ROI will come from the fact that many customer inquiries and issues formerly handled by paid customer service or tech support representatives will be offloaded to "super users" or "influencers" within the community.  Customer service representatives also can see a productivity boost as well, as potential issues and problem resolutions will be unearthed and posted by community members. These community members also will tend to be more satisfied and engaged customers.

Earlier this year, Sam Decker described the prevailing thinking around social commerce coming out of the Bazaarvoice Social Commerce Summit, which focused on making social commerce an operational reality for companies. For example, he said, "anyone can be an influencer. You can unearth them by facilitating their contribution and amplifying its impact." Plus, "measurement and marketing impact is easier than most think." However, he added, we're only beginning to understand the potential, observing that "we're only scratching the surface on the database marketing opportunities with influencers."

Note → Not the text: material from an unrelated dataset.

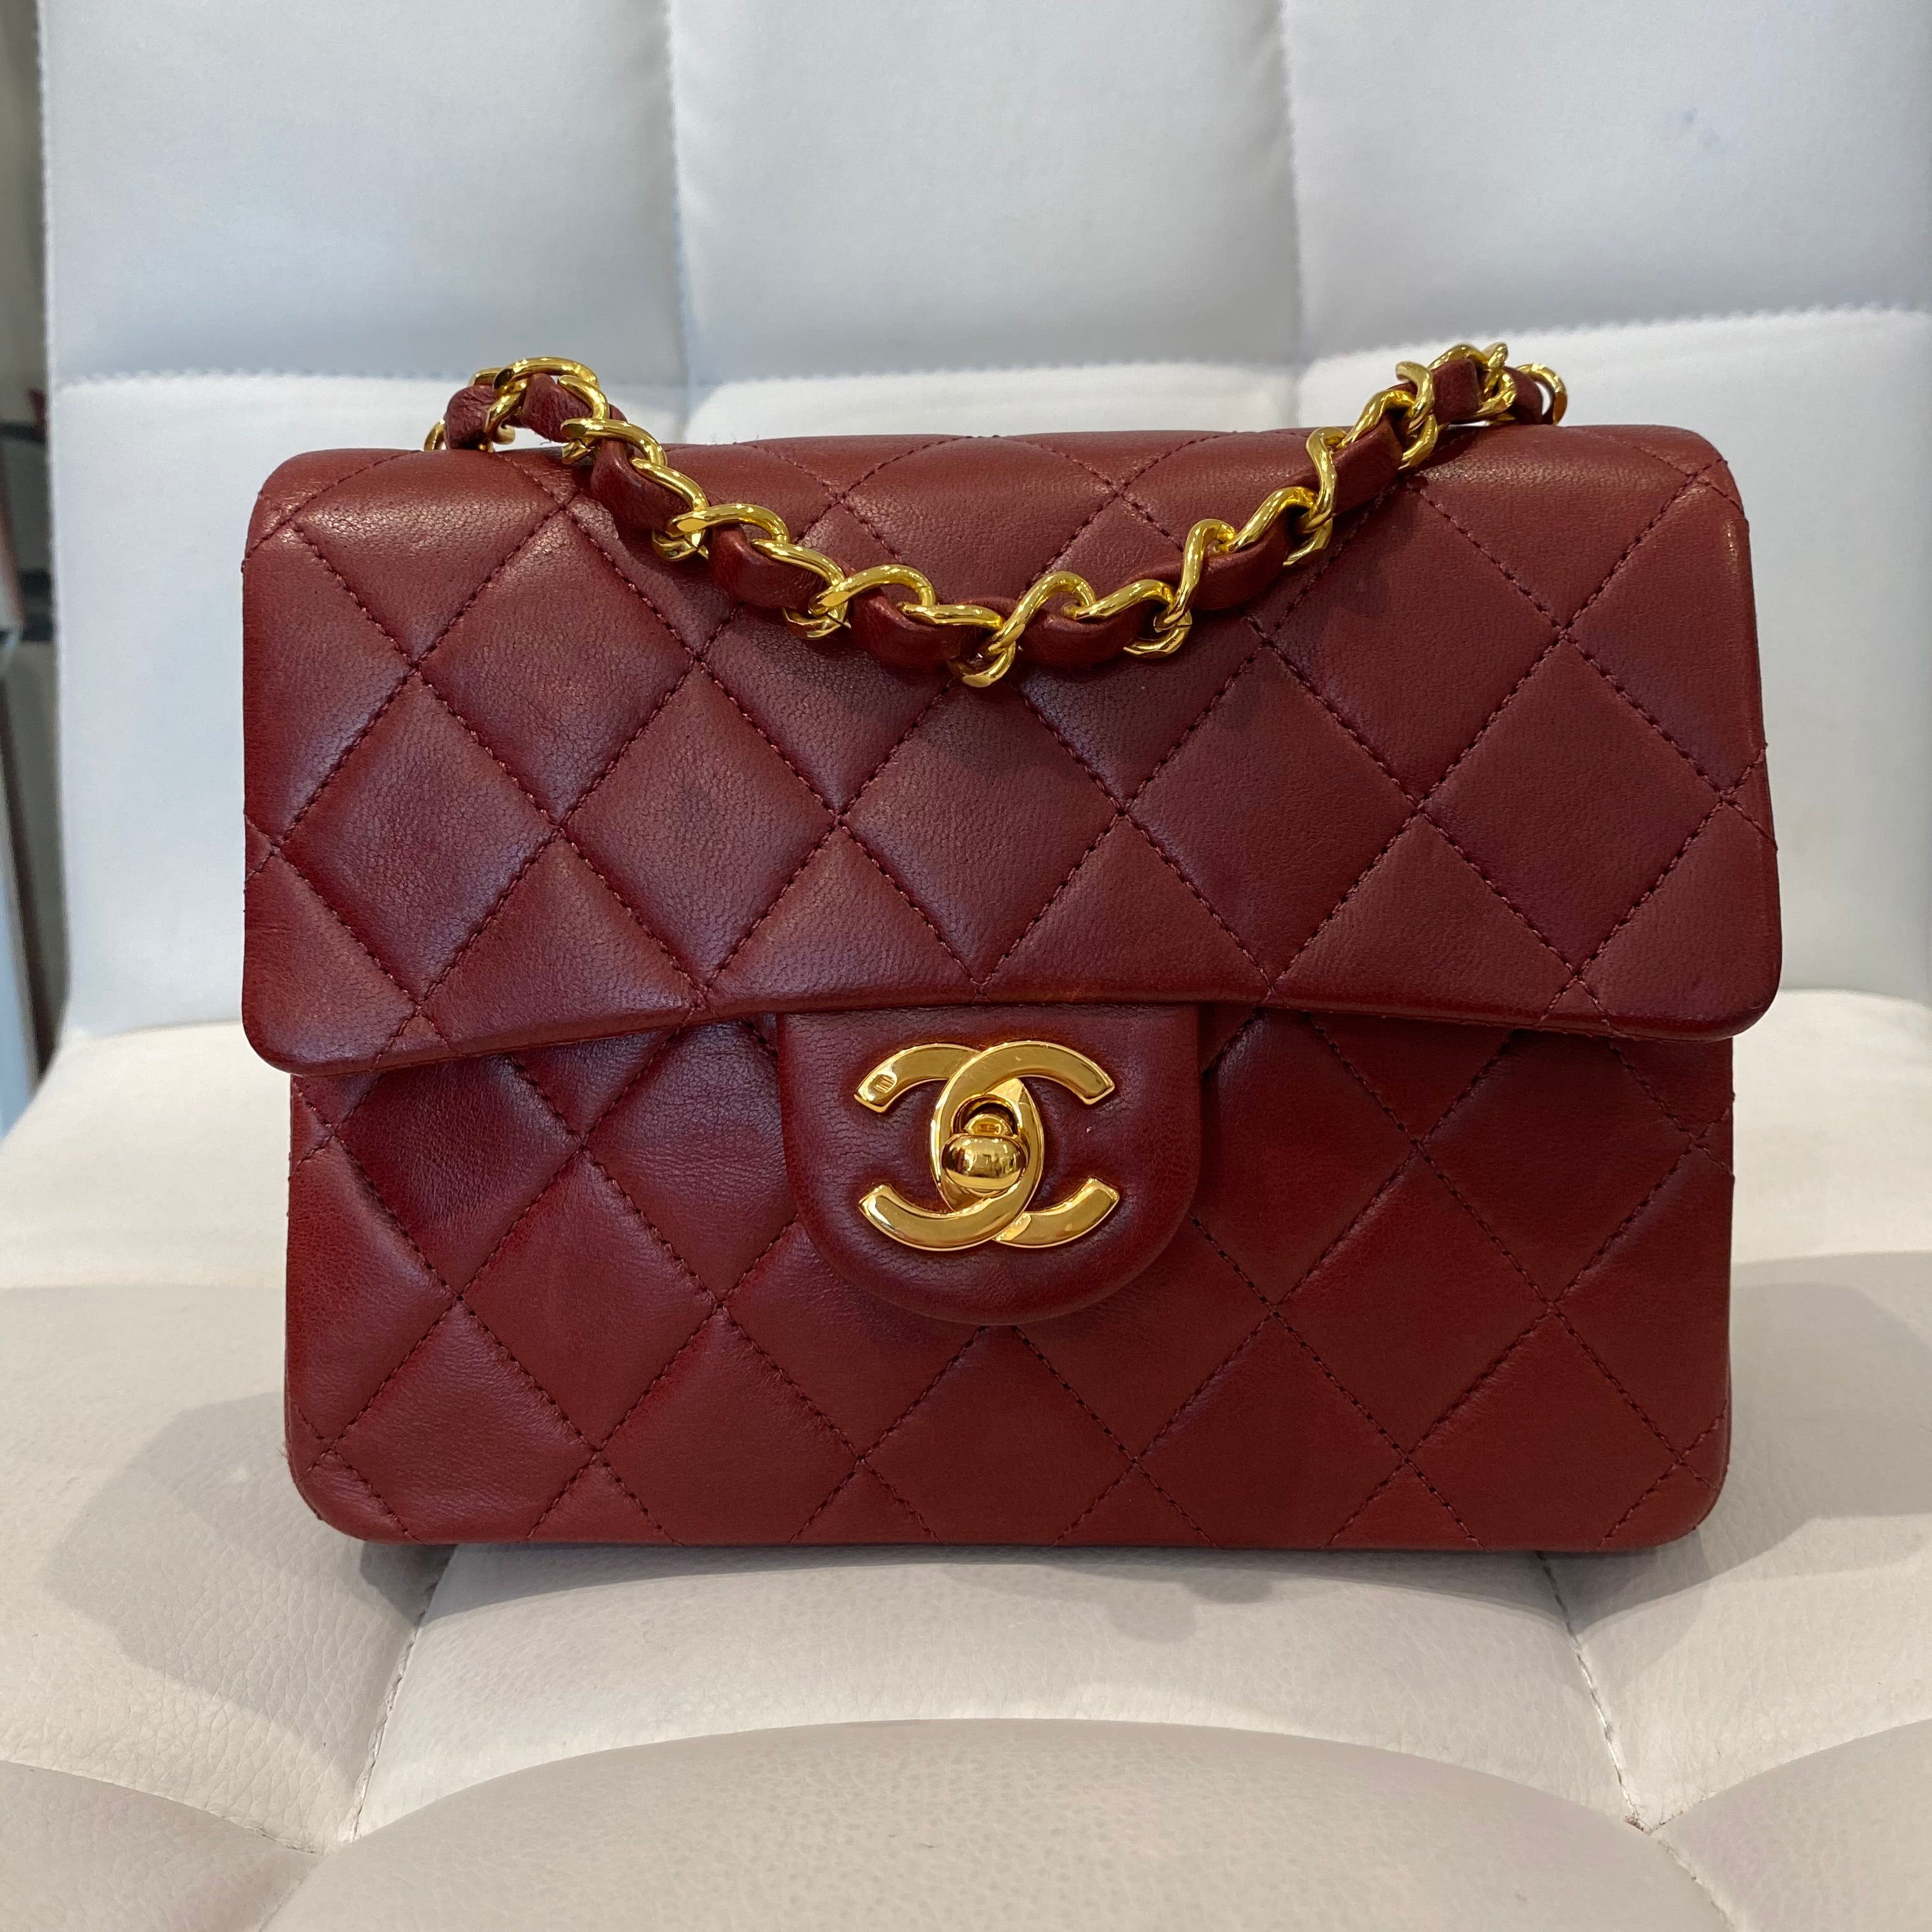 Chanel Red Quilted Caviar Leather Mini Rectangle Flap Bag at the best price

CS Monitor's Grant reviewed several new vendors in the social commerce space, including Groupon, which, through collective buying power, "offers discounts that come into force once a certain number of consumers purchase them." Another company, Foursquare, "enables users to connect socially by seeing which of their friends might be in the same area at a given time. But businesses are getting in on the act, too, plying foursquare 'mayors' (those who have checked in from a location with the most frequency) with free grub and announcing deals through other social media to lure foursquare-ers into their shops."

Call it whatever you want: social commerce, social networking, or good old-fashioned e-commerce with more of a two-way interaction. Finding better ways to build customer involvement and interest is always smart business -- and today's social networking channels offer a new way to do so.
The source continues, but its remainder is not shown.